Di dalam Prancis, langkah pemerintah untuk menciptakan pembatasan lebih besar bagi warga Muslim telah memicu protes luas. Beberapa politisi sayap kanan Prancis mengaku cemas pengesahan draf undang-undang ini bisa menjadi alat untuk memberi cap kepada warga Muslim. Francois Burgat, pakar politik yang juga peneliti senior di French National Centre for Scientific Research percaya pemerintah Prancis tidak netral dalam menyikapi permasalahan agama.
Burgat menyinggung kebijakan-kebijakan Presiden Prancis Emmanuel Macron dan mengatakan, Macron sudah masuk fase baru. Ia melakukan langkah-langkah yang diperlukan untuk menarik simpati sayap kanan, dan kanan ekstrem, karena ia memerlukan suara mereka pada pemilu presiden tahun 2022.

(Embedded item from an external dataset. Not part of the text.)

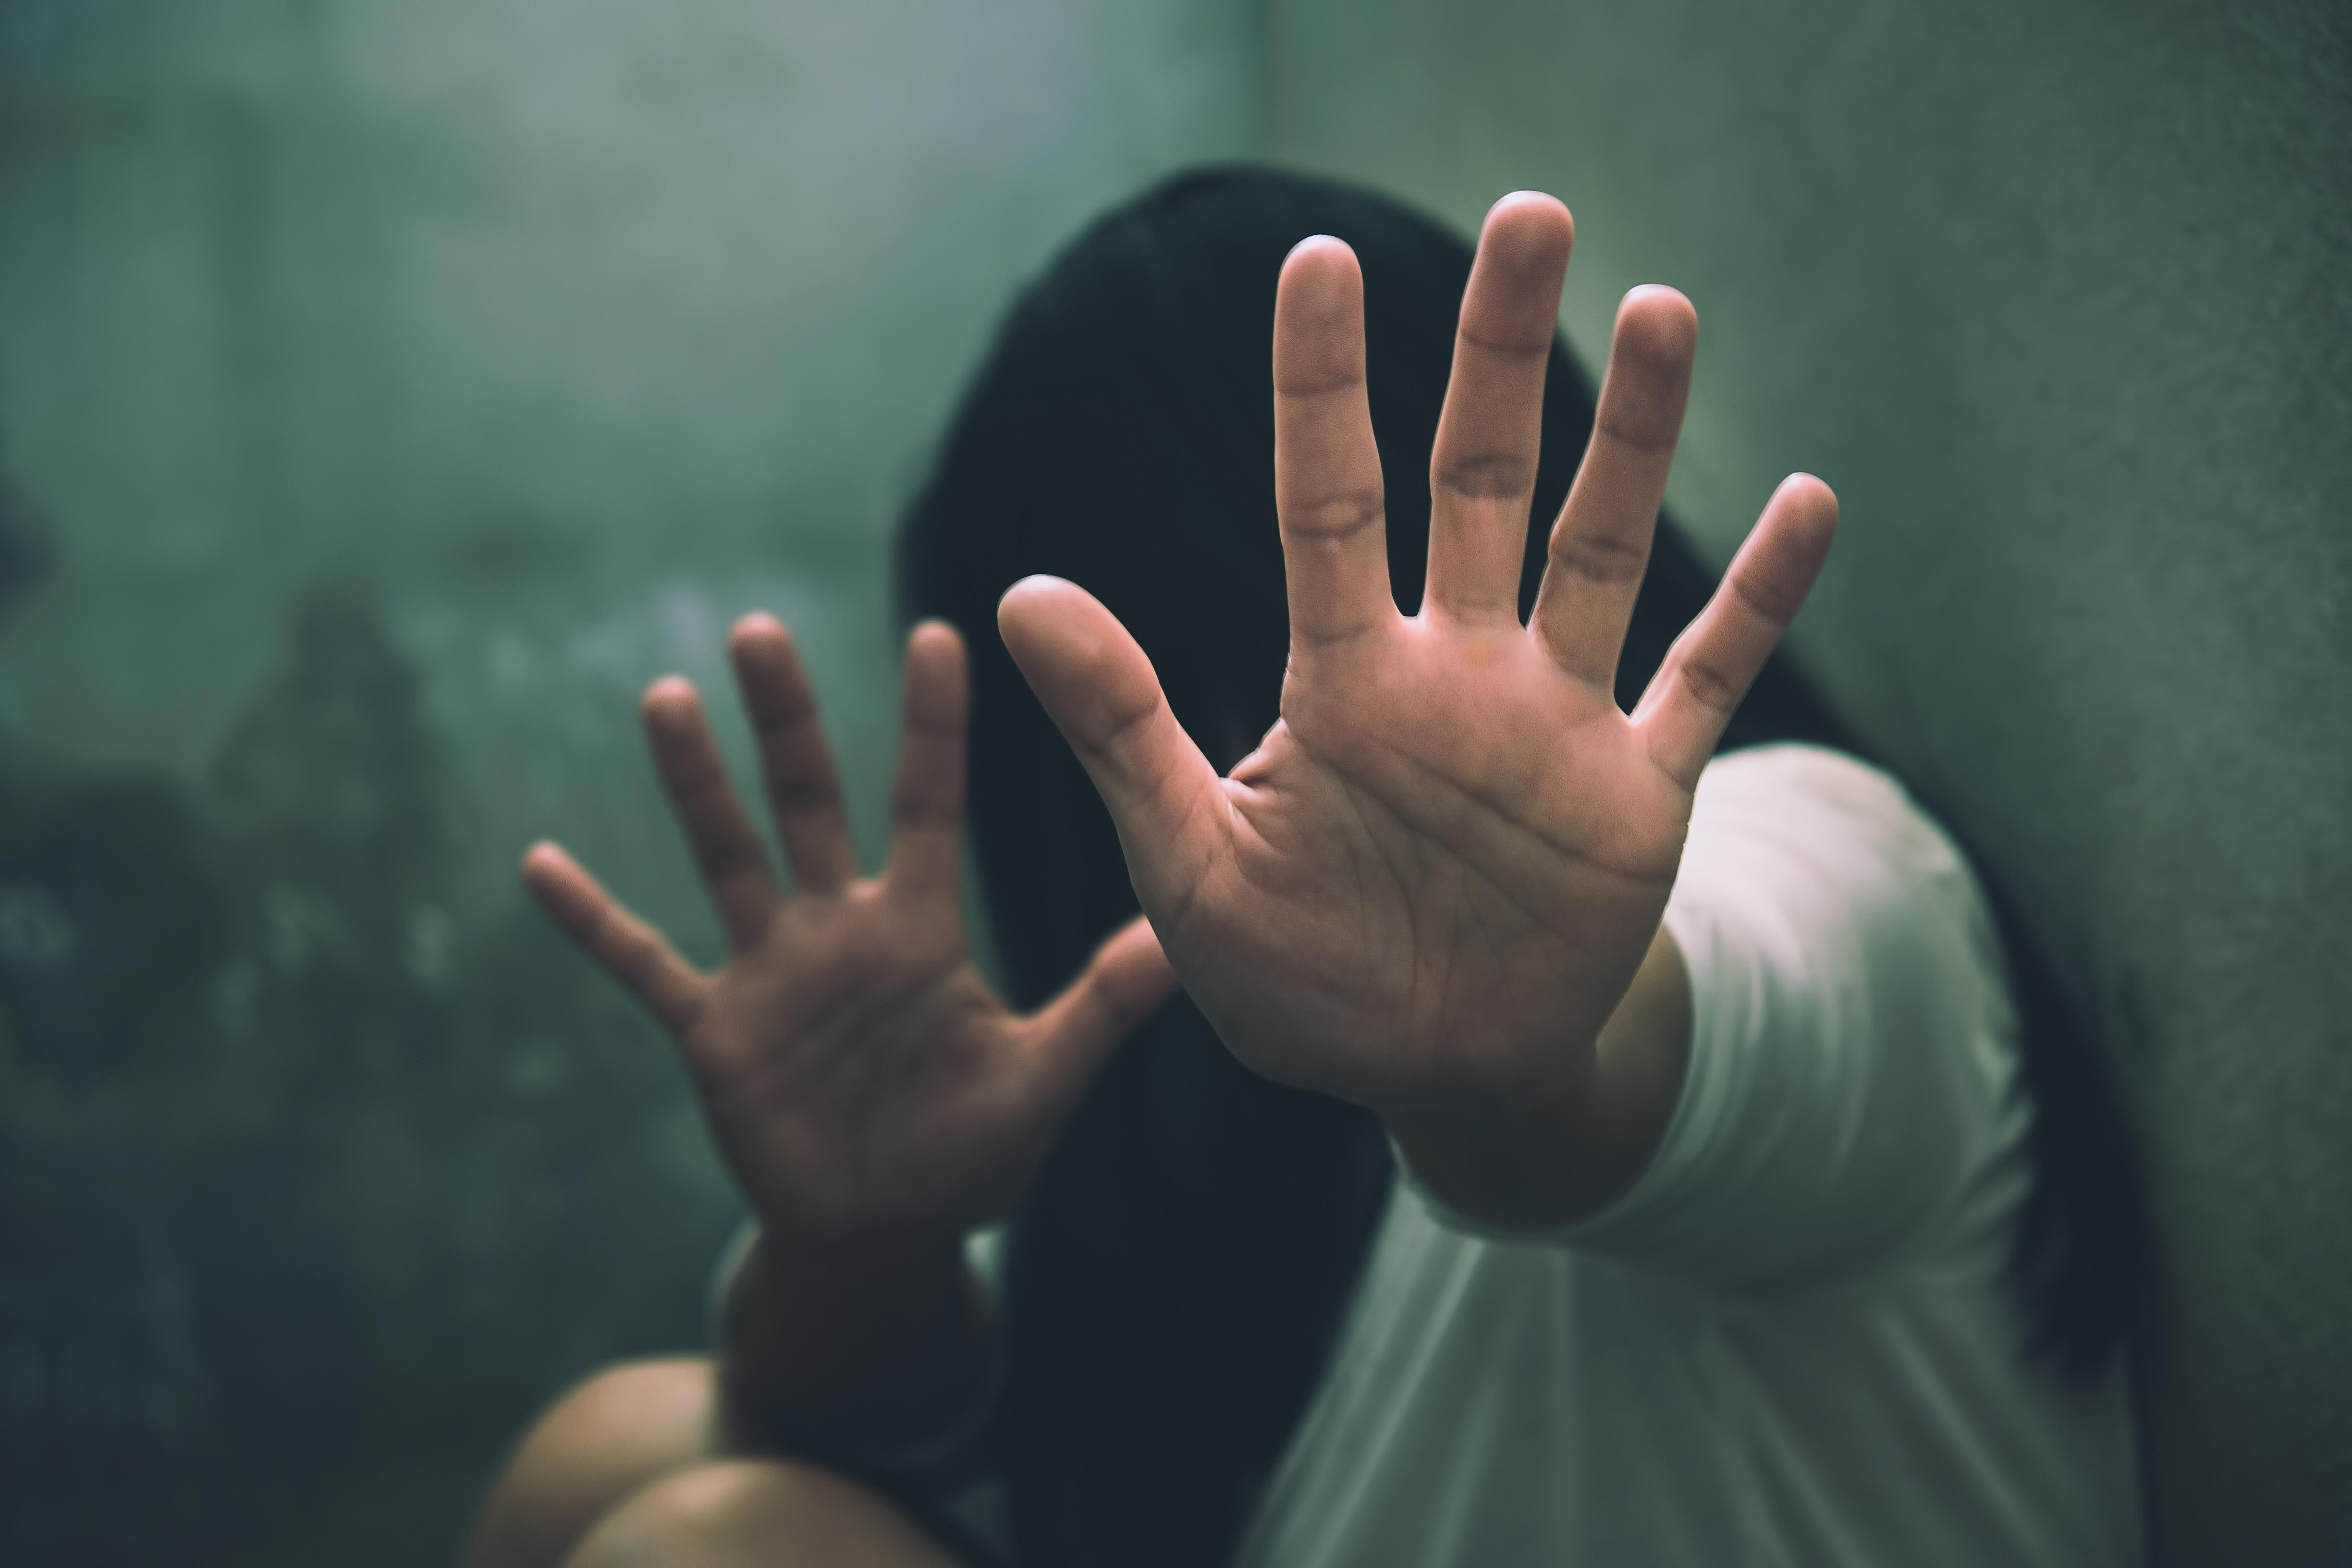 Copilă de 14 ani, violată în mod repetat de doi tineri, în Caraș-Severin. Unul dintre indivizi a abordat-o pe internet, pe motiv că şi-ar dori o relaţie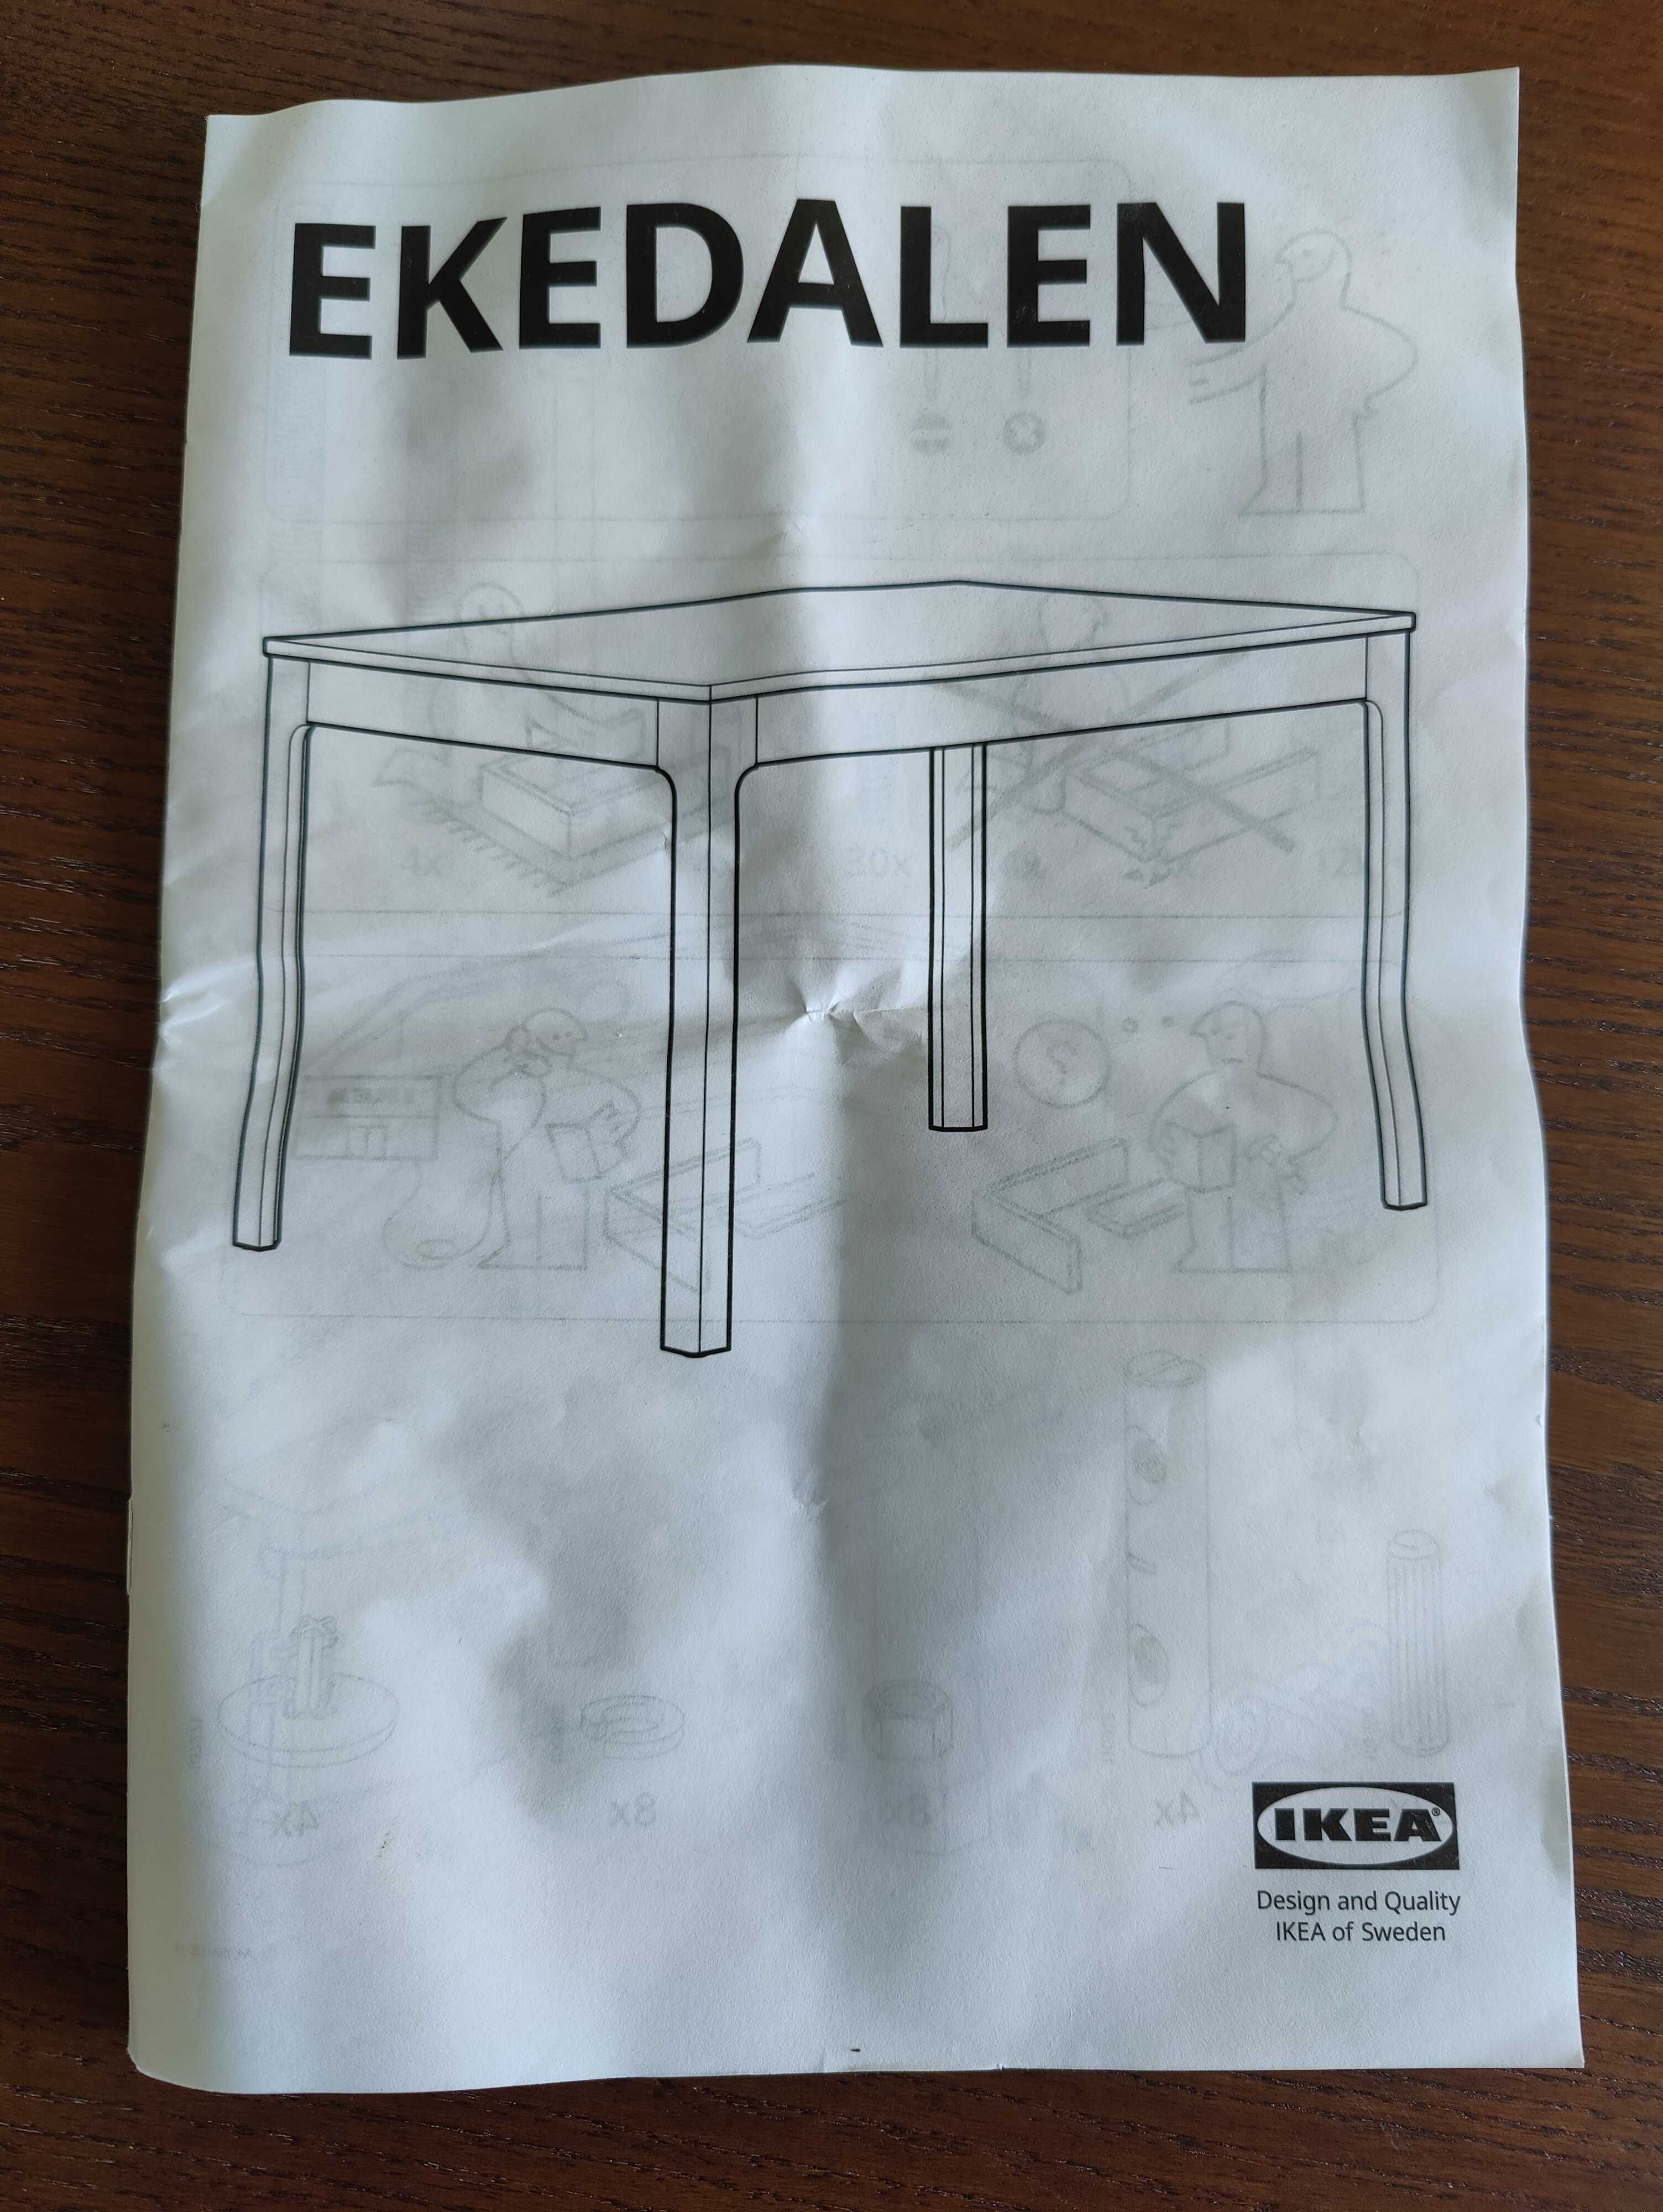 Mesa castanha extensivel IKEA - Ekedalen - 120/180 x 80 cm

Ia menambahkan, warga Muslim biasanya mengalami diskriminasi di bursa kerja, dan di negara kami, mereka merasa dipinggirkan. Farhad Khosrokhavar, pakar ilmu sosial keturunan Iran di Prancis mengatakan, pemerintah Paris sedang menumpas kelompok-kelompok Muslim yang sama sekali tidak ada kaitannya dengan ekstremisme.
Definisi sekularisme menurut Prancis adalah pandangan anti-Islam karena aturan-aturan ketat negara ini seperti pelarangan luas penggunaan kerudung bagi perempuan Muslim di sekolah dan tempat kerja, definisi itu bahkan menjadi bagian dari masalah yang ditimbulkan para ekstremis. 23 aksi teror terjadi antara tahun 2000-2017 di Prancis, dan itu disengaja, sementara di Inggris hanya 10 aksi teror, dan di Jerman lima kasus.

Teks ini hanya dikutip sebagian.